Forty-Five Seconds at an Intersection in Harvard Square
The signal light at the confluence of Massachusetts Avenue, JFK Street, and Mount Auburn Street that faced the foaming currents of traffic coming in from Mass Ave turned amber. Sure, all the other lights turned amber, too, but this was the only one with a smiley face painted onto it.
Outside Au Bön Pain, a queen was under threat from a staggered gang of pawns and a rook behind enemy lines. The chess master slapped his button on the game clock and noted his own sense of contentment — not the triumphant joy of a sportsman defeating an opponent; rather, it more closely resembled the satisfaction of a craftsman inspecting a well-fitted joist. Standing on the nearby subway grating, a large man selling Spare Change said, “Hello, lovely ladies, would you like to buy a copy of Spare Change?” and, “Have a nice day,” in a stentorian basso profundo to a pair of women who passed without looking up. “Hello, sir,” he started again, inviolable.
A lone motorist, enraged by the caravan of merging drivers that had cut him off and cleared the light, tried to blast through the intersection but was forced to a jerking stop in the middle of the brick crosswalk as the traffic light went red and the crossing signal exhorted the pedestrians — mostly homebound workaday white collars with a sprinkle of ivied undergrads — to WALK. They surged into the street to the chirping call of the crossing signal, stranding the car in a flash flood of people. The driver’s face briefly contracted in a lupine grimace as he slapped uselessly at the steering column. None of the pedestrians looked or cared. An LED timer appended to the crossing signal started counting down from forty seconds.
Punk kids lounging in the Pit outside the T stop arranged carpools for a grindcore show in Northampton. The homeless bivouacked amongst the punks like a rag-tag battalion between land wars.
A young woman in a peasant skirt asked the busker playing an adenoidal jinghu next to the Harvard Coop if she could take a picture of him for her photography class at the Cambridge Center for Adult Education. He agreed, and she pulled out her dad’s old Nikon FG from a courier bag around her shoulder. After taking a light reading and focusing the lens, she looked up. “Don’t pay any attention to the camera. Just act natural. Pretend like I’m not here,” she said and began to shoot. He stared at her army boots and tried not to smile. When she was done, she dropped a five dollar bill in the empty tissue paper box at the busker’s feet, nodded, and walked away, wondering if maybe she lacked the subtlety to subcutaneously enter and capture a scene without bumping into its compositional elements. Was that the kind of thing you could learn?
On the third floor of the Coop, a man sat in the window seat overlooking the intersection and reading a copy of LSD: My Problem Child, by Albert Hofmann. Occasionally, he would jot down a quotation into a spiral notebook propped up on his knees. He put the book down to stare out the window. He considered this nook, where he would sometimes spend hours reading books he did not want to buy, to be his own little secret corner. He was not familiar with the local libraries. A perfect sniper’s nest, he thought to himself, and pretended to pick off various pedestrians.

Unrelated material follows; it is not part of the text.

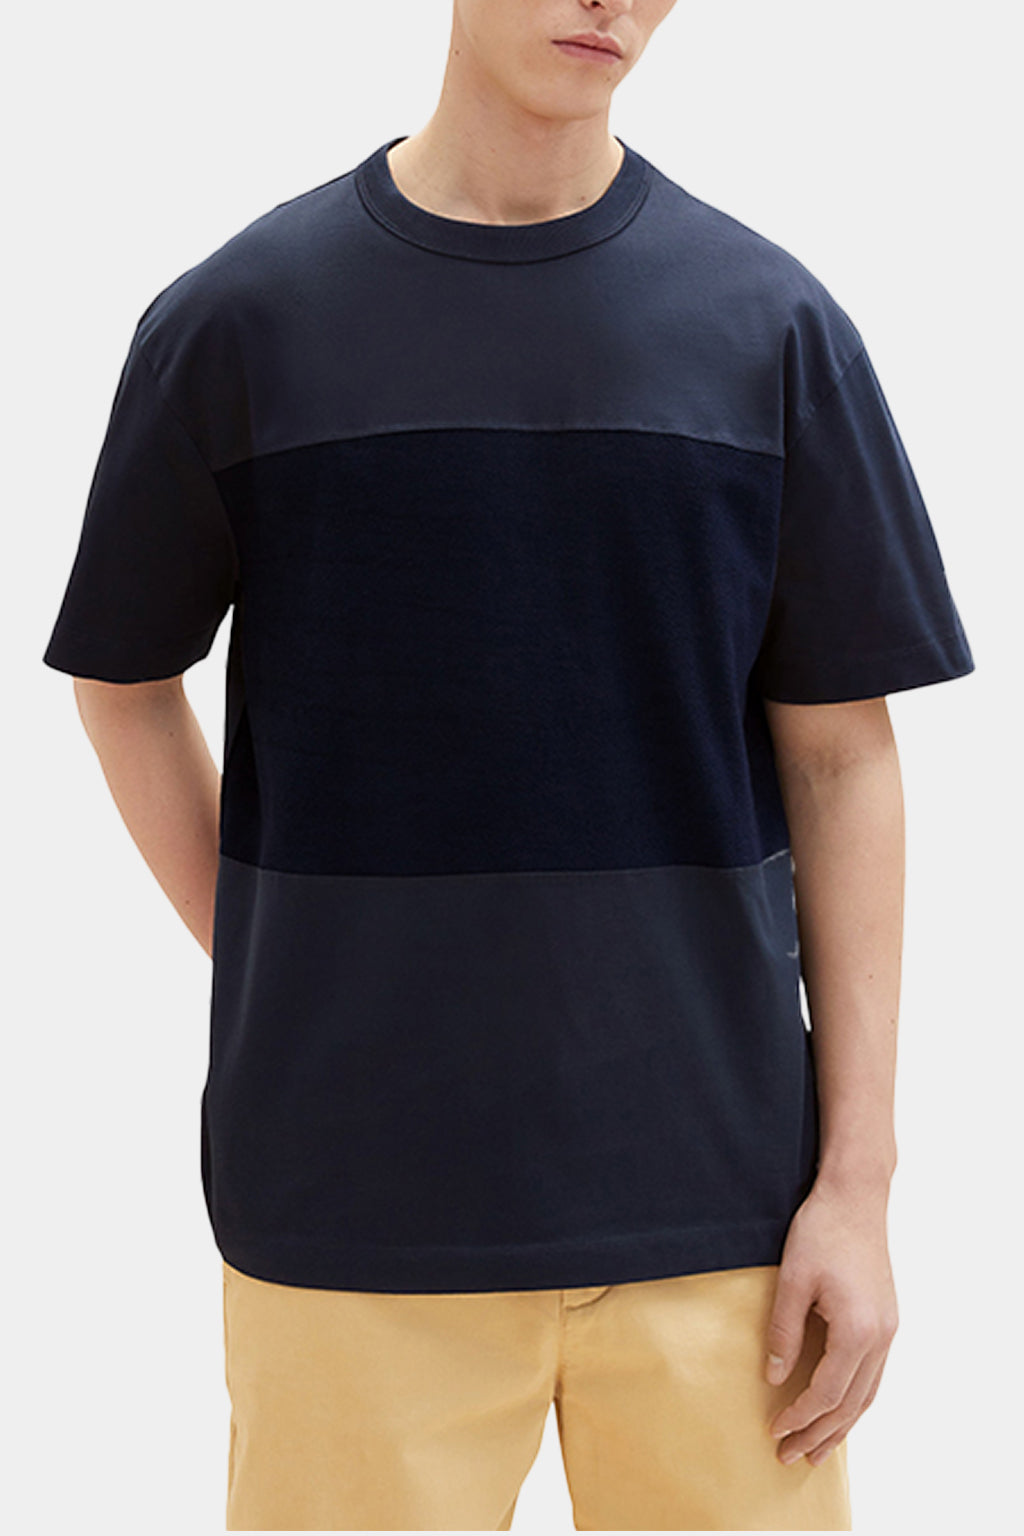 Tom Tailor - Denim Men's T-shirt

Overhead, the cloud that looked like a duck transmogrified into a submarine extending a periscope and then just a funny-shaped cloud that didn’t really look like anything. Dusk sunlight surged up Brattle Street, cutting sharp shadows and gilding Out of Town News. The glossies in the racks lit up like Kliegs. In front of the newsstand, a woman saw, for the first time in months, an ex-boyfriend scanning covers and smoking a cigarette. He looked the same. His right hand was working in his pants pocket, trying to separate loose coins from the lighter, pack of Camels, pens, tissue paper, and anything else he might have grabbed off the dresser before leaving the apartment. She crossed the street toward him on her way to the bus stop.
Was he nervous around crowds and compensated by tuning out the world, or was his default public self a genuinely oblivious fog? Either way, he hadn’t seen her, and she could have continued on her way. But the last time they spoke, he had gotten the best of the exchange, and she’d left his apartment crying. As she passed behind him, she fired an epigrammatic “Those’ll kill you,” and continued on with a slight lift in her step. His head twitched up and followed her as she walked north, into the shadow of the Coop. Who drops an exit line like that and then bolts stage right? He scrunched his nose, stubbed out the cigarette, and hoofed it up JFK after her. There was a place a few blocks away that served pancakes and amazing coffee. Maybe she was hungry.